Саныч вылез из машины и запрыгал через раскисшую дорогу к призывно желтеющей огромной вывеской маленькой забегаловке. Дождавшись, пока автомобиль Саечкина скроется за поворотом, нырнул в гостеприимно приоткрытую дверь.
Окруженный железным забором рынок пустовал. У открытого контейнера с товаром суетился щуплый вьетнамец в кепчонке и стеганой куртке с большим мазутным пятном на спине. Саныч пролез в дыру между разогнутыми прутьями, подошел к вьетнамцу, ткнул его в бок увесистым кулаком, коротко приказал:
— Главного позови. Даю минуту, — и уселся на объемистый полосатый баул.
Вьетнамец подскочил, заметался бестолково и со всех ног бросился к двухэтажному бараку.
Долго ждать не пришлось. Главный — Лан — уже семенил через двор. Он пожал Санычу руку и прикорнул рядом, взглядывая на лейтенанта почтительно и зорко.
— Такой расклад, — Саныч особо не церемонился, — товар скоро придет на точку.
— Нет, я наркотики нет, — прошелестел Лан.
Лейтенант ошарашил вьетнамца мощным подзатыльником, тот мгновенно затих.
— Тише, ты, дебил узкоглазый, еще слово — и всю твою торговлю вместе с тобой накрою. Обратно к себе поедешь рис палочками жрать. Молчи и запоминай.
Разговор с Ланом не клеился — Лан юлил, отнекивался, но выбора у вьетнамца не оставалось, и он это отлично понимал. Вольдемар свое дело знал.
Знал «дело» и Саныч. Леваком он начал заниматься не так давно, но освоился быстро — заимел кое-какие связи в наркоотделе, скорешился с торгашами и еще какими-то незаметными, но очень нужными людьми… Оборотистый лейтенант пришелся по душе начальству, кто ж тогда мог знать, что все зайдет так далеко.
Саныч поднялся и, заглянув в непроницаемые Лановы глаза, внушительно проговорил:
— Все, Лан, будем считать, что мы друг друга поняли.
Вьетнамец послушно покивал, услужливо и предупредительно улыбаясь, и, когда Саныч уходил, проводил его до самых ворот.
В дурном расположении духа Саныч шагал по узкому грязному проулку туда, где под изуродованным американским кленом ютилась хлипкая на вид будочка.
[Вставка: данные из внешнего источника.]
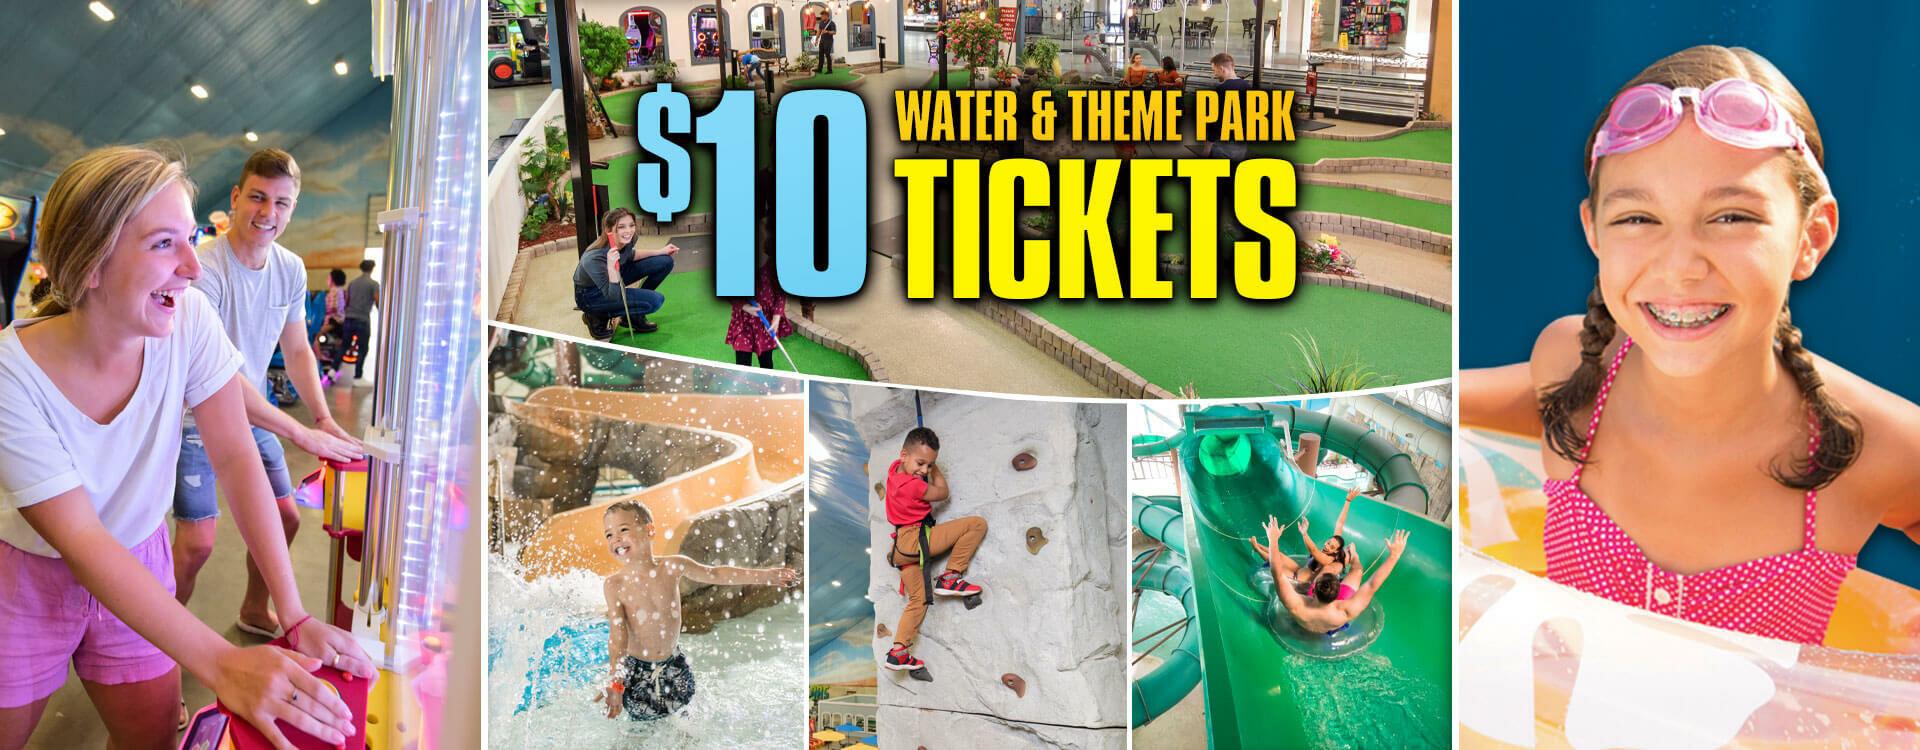 Hades 360 Mt. Olympus Water & Theme Park

Над крошечным окошком была прибита фанерка с размашистой надписью «Мастер-Сапожник» и неумело намалеванным, довольно неприятно скалящимся оторванной подошвой ботинком.
Из приоткрытой двери падала полоса света, в душной утробе обувной мастерской хрипел магнитофон, и чей-то разухабистый голос под нестройный гитарный перебор на чем свет костерил злодейку-судьбу.
Саныч носком ботинка отбросил дверь в сторону — в нос ударил запах сивухи и паленой резины; в клубах сигаретного дыма угадывалась скуластая рожа хозяина, изрядно помятая и несимпатичная.
Не обратив внимания на гостя, хозяин отложил шило, задумчиво поковырял в ухе заскорузлым пальцем и лениво закурил. Свободной рукой взял с полки каблук, брезгливо швырнул его под ноги Санычу и просипел:
— Чего надо?
Магнитофон орал.
— Со мной пойдешь, минуту на сбор.
— Куда это? Ты со мной за жизнь поговорить решил? — заржал мастер-сапожник и тут же зло скривился и привстал. — А, мент, что ли? Светка небось нажаловалась. Вот сука!
Он снова сел на табурет, вальяжно закинув ногу на ногу, рукой с размытой татуировкой поскреб ляжку, затянулся и, смачно сплюнув на пол, с расстановочкой произнес:
— Так вот, слушай, ментяра. Светка — жена моя, и это я решаю — бить ее или цветы дарить. Как говорится, свободно жить, с ментами не дружить; мое дело, как быть и что делать, — довольно заключил сапожник в явном восторге от своего красноречия.
— Даю десять секунд, — сдержался Саныч.
— Шнурки мне завяжи, тогда пойду, — сапожник вытянул через всю мастерскую ноги в рваных сланцах, громко зевнул и тут же кувырком полетел на пол, по пути основательно приложившись головой об полку. Посыпались каблуки, гвозди, обрезки резины и прочий хлам. Саныч с видимым удовольствием бил сапожника ногами, а когда тот обмяк и перестал мычать, настежь распахнул дверь и вывалился на улицу; за ним поползла духота башмачного логова.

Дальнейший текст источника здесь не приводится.